Assignment
Apart from the pictures, return every line of the listing exactly.

Dataset content
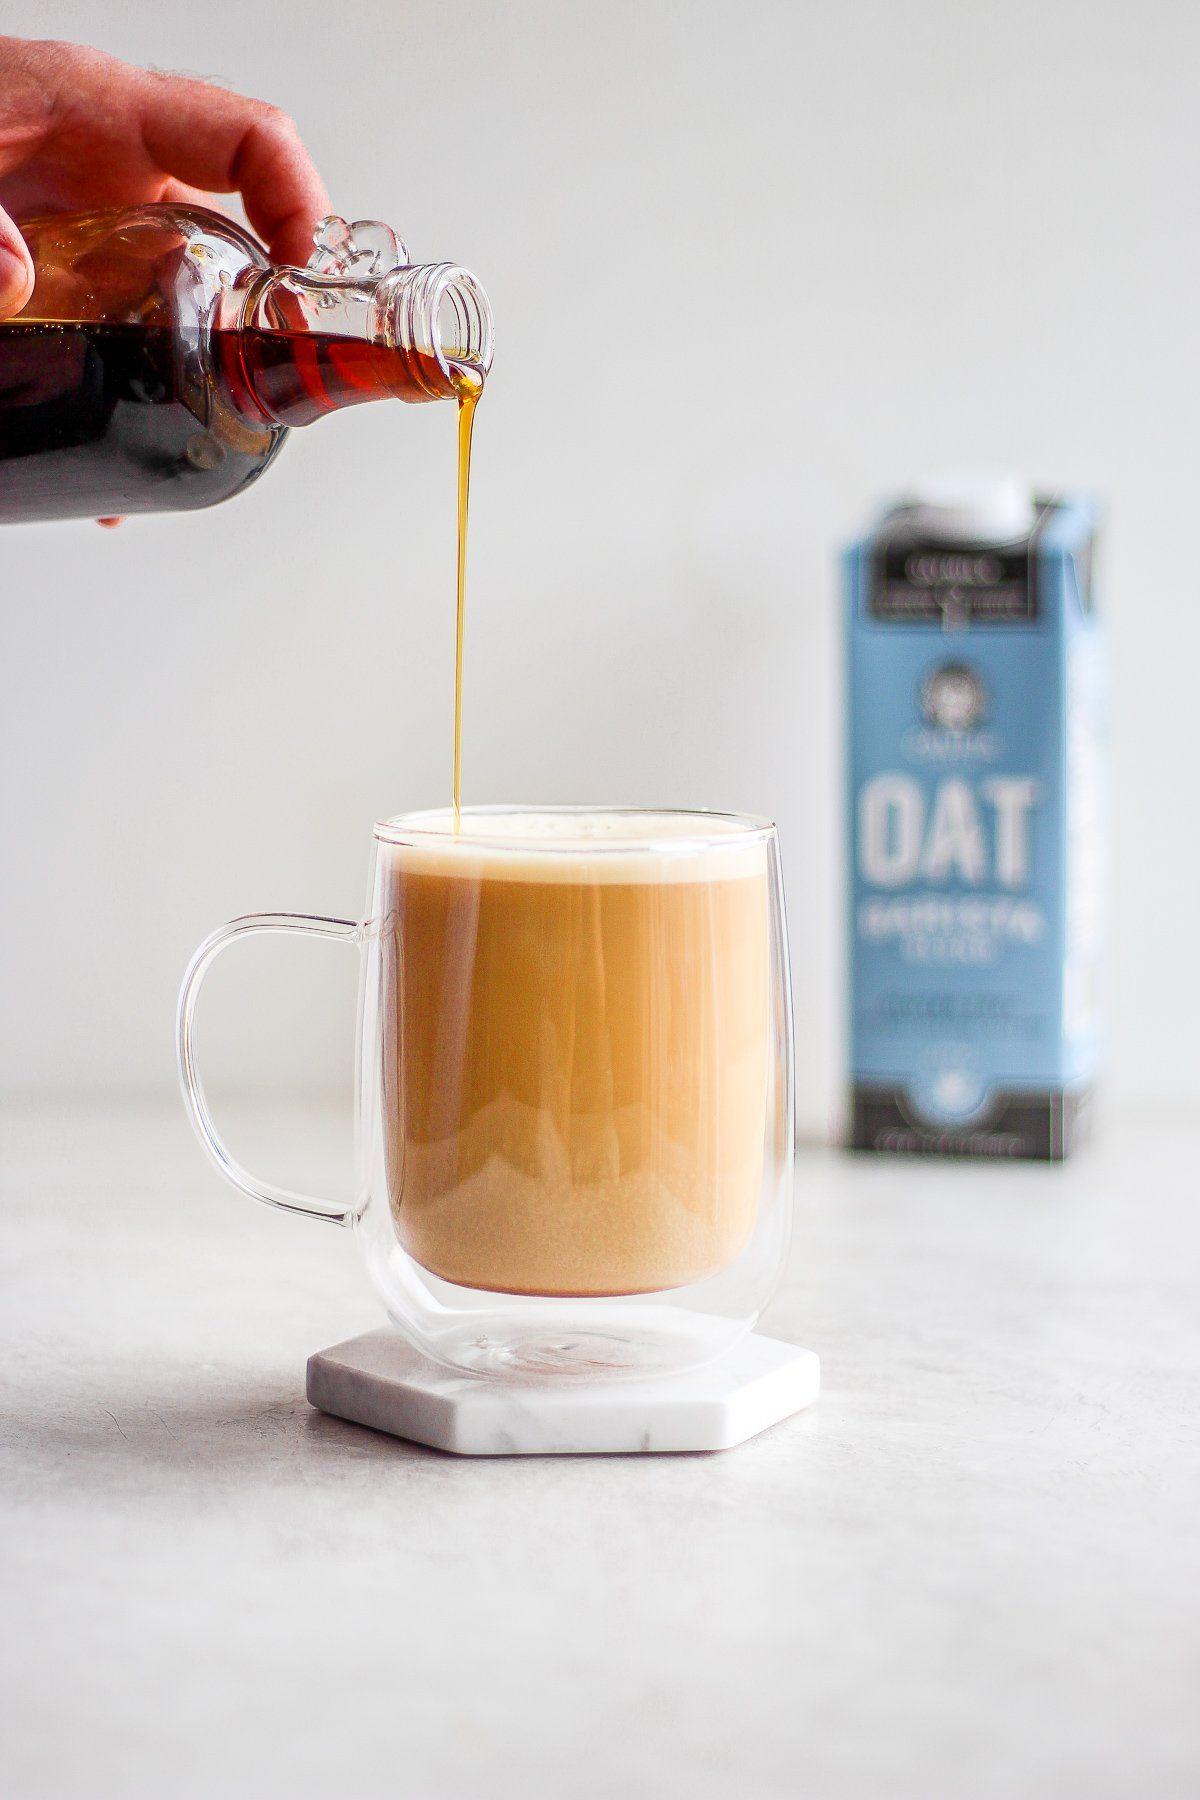 Creamy maple oat latte dairy free coffee dairy free
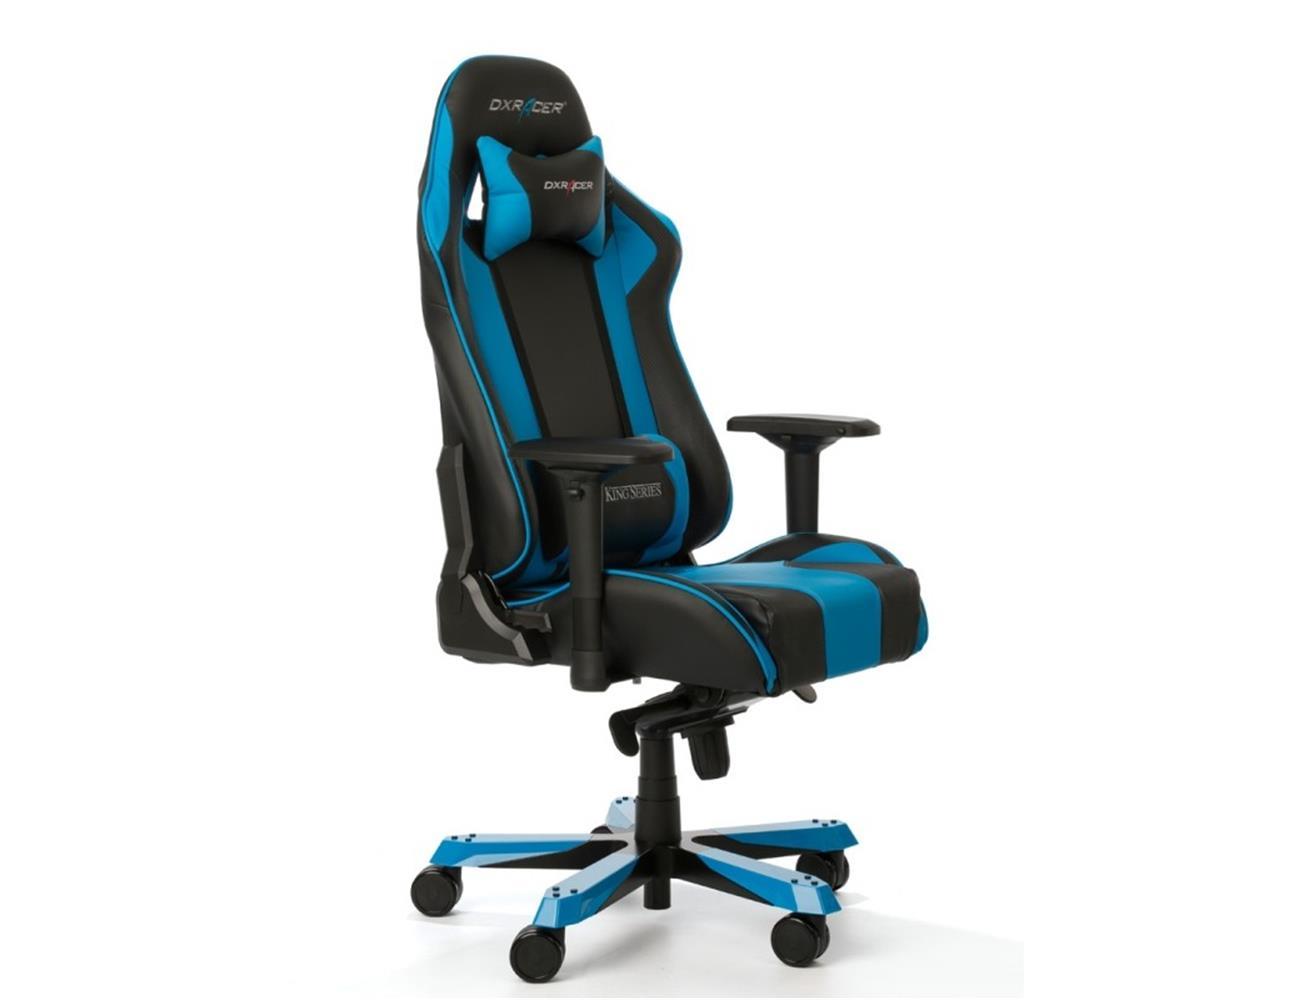 DXRacer King Series Gaming Chair - Black/Blue| Blink Kuwait
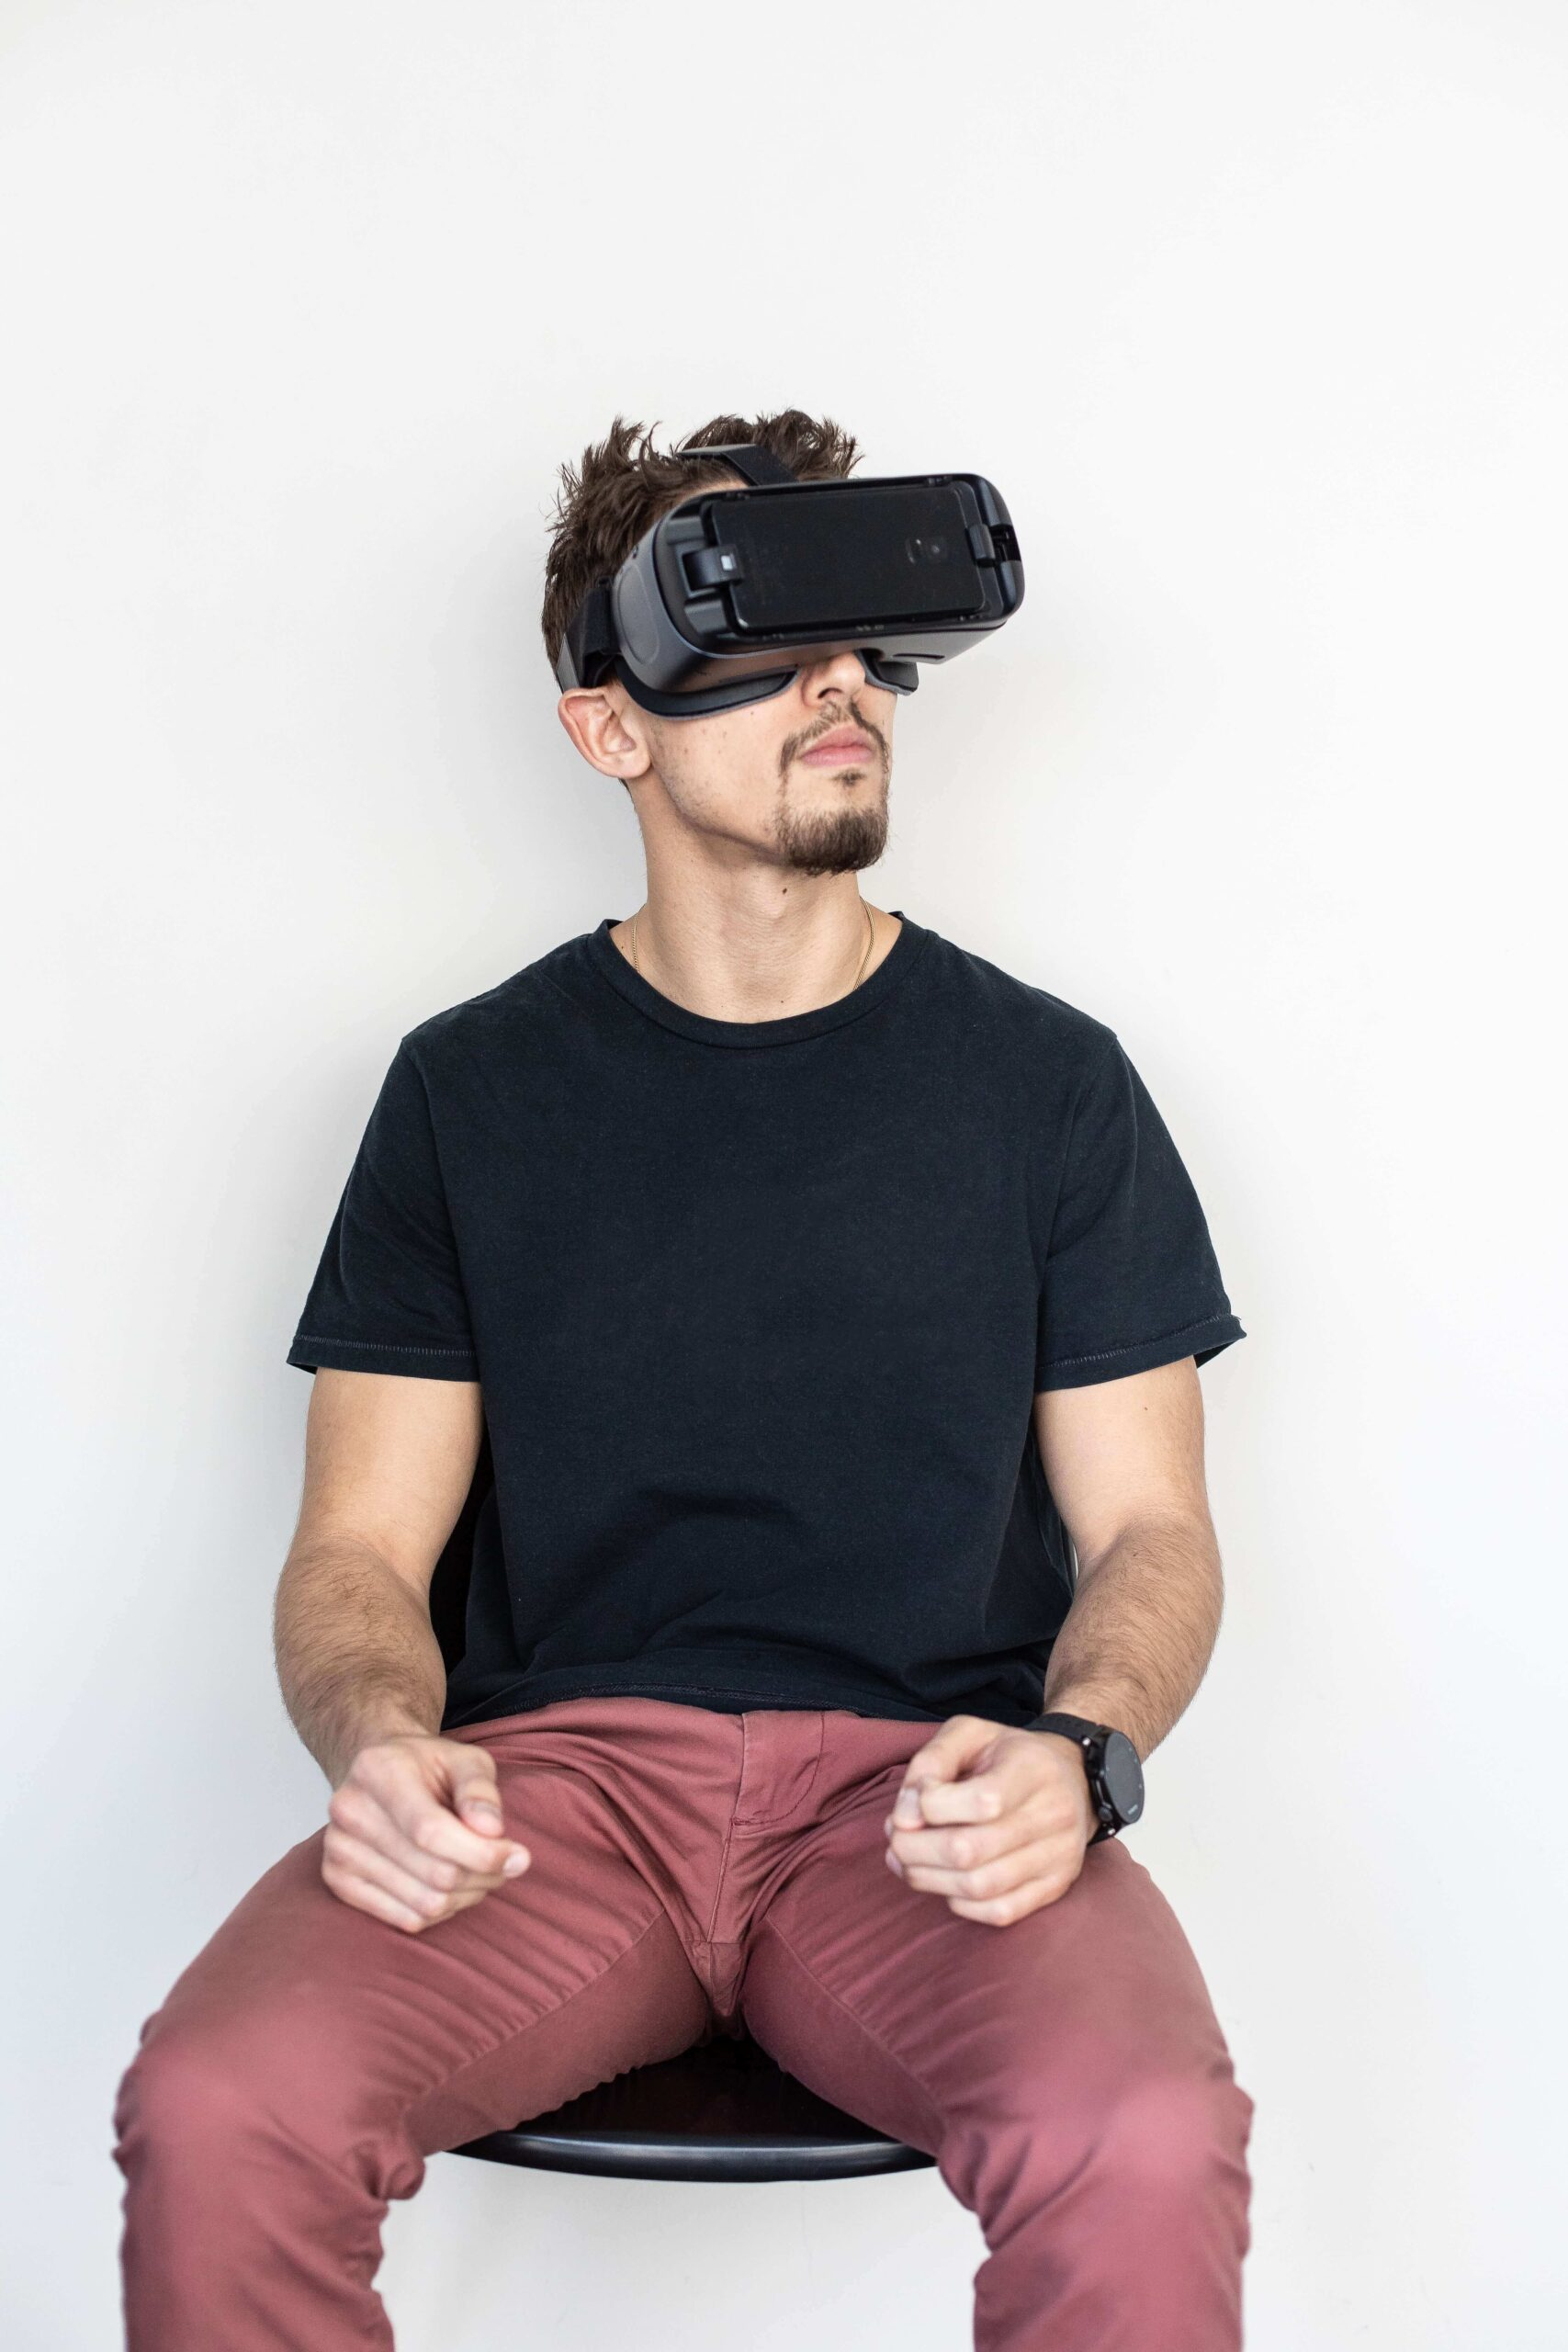 VR Single
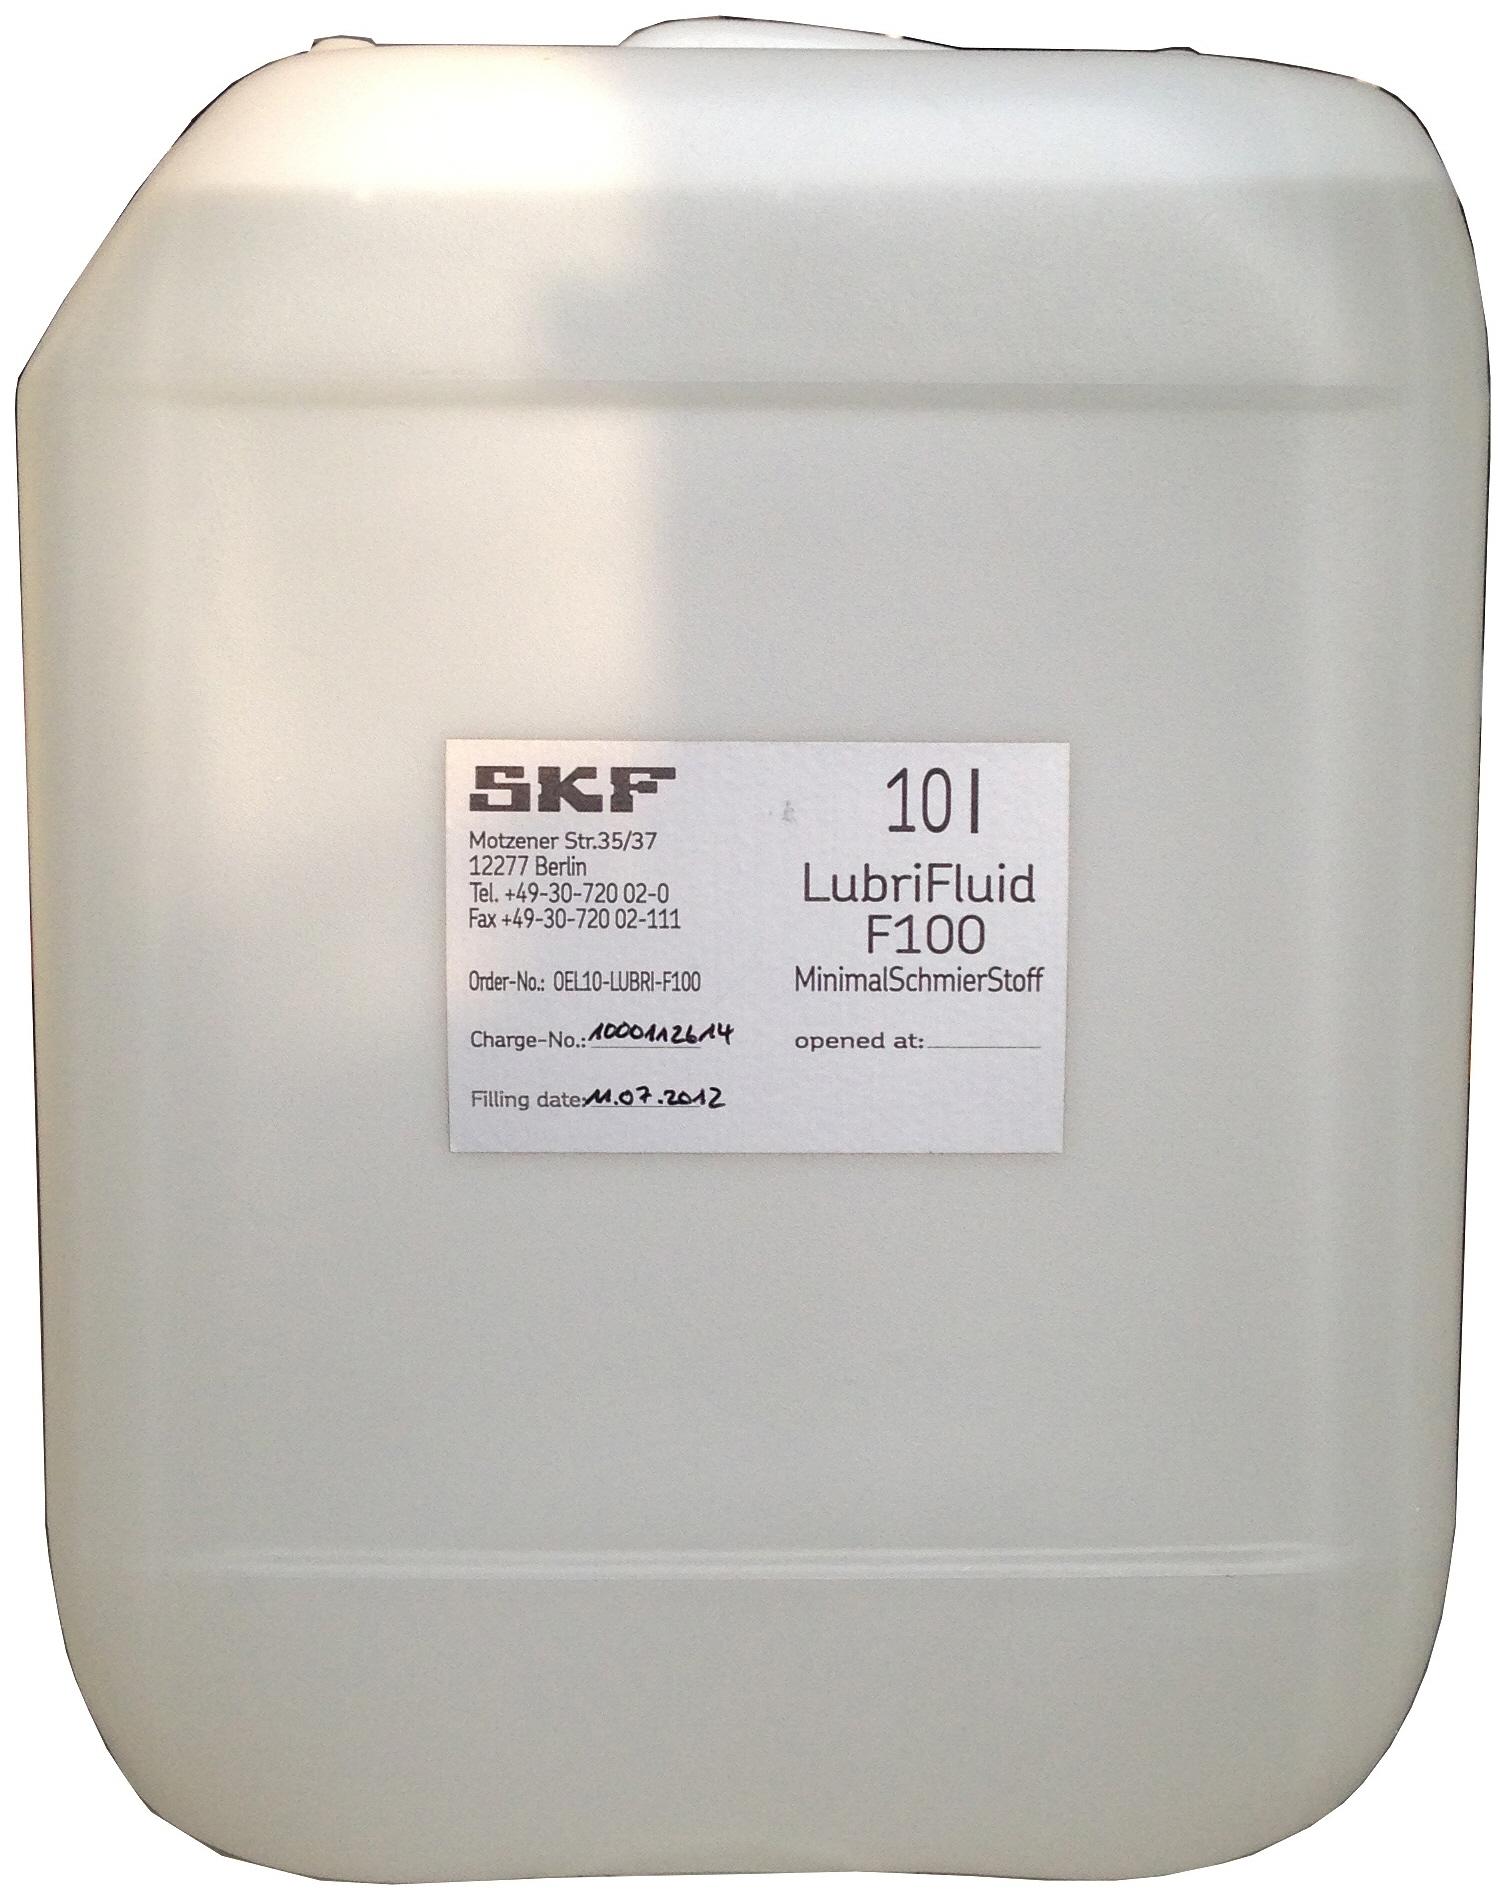 LubriFluid F100.JPG

Exercise result
 Creamy maple oat latte dairy free coffee dairy free
 DXRacer King Series Gaming Chair - Black/Blue| Blink Kuwait
 VR Single
 LubriFluid F100.JPG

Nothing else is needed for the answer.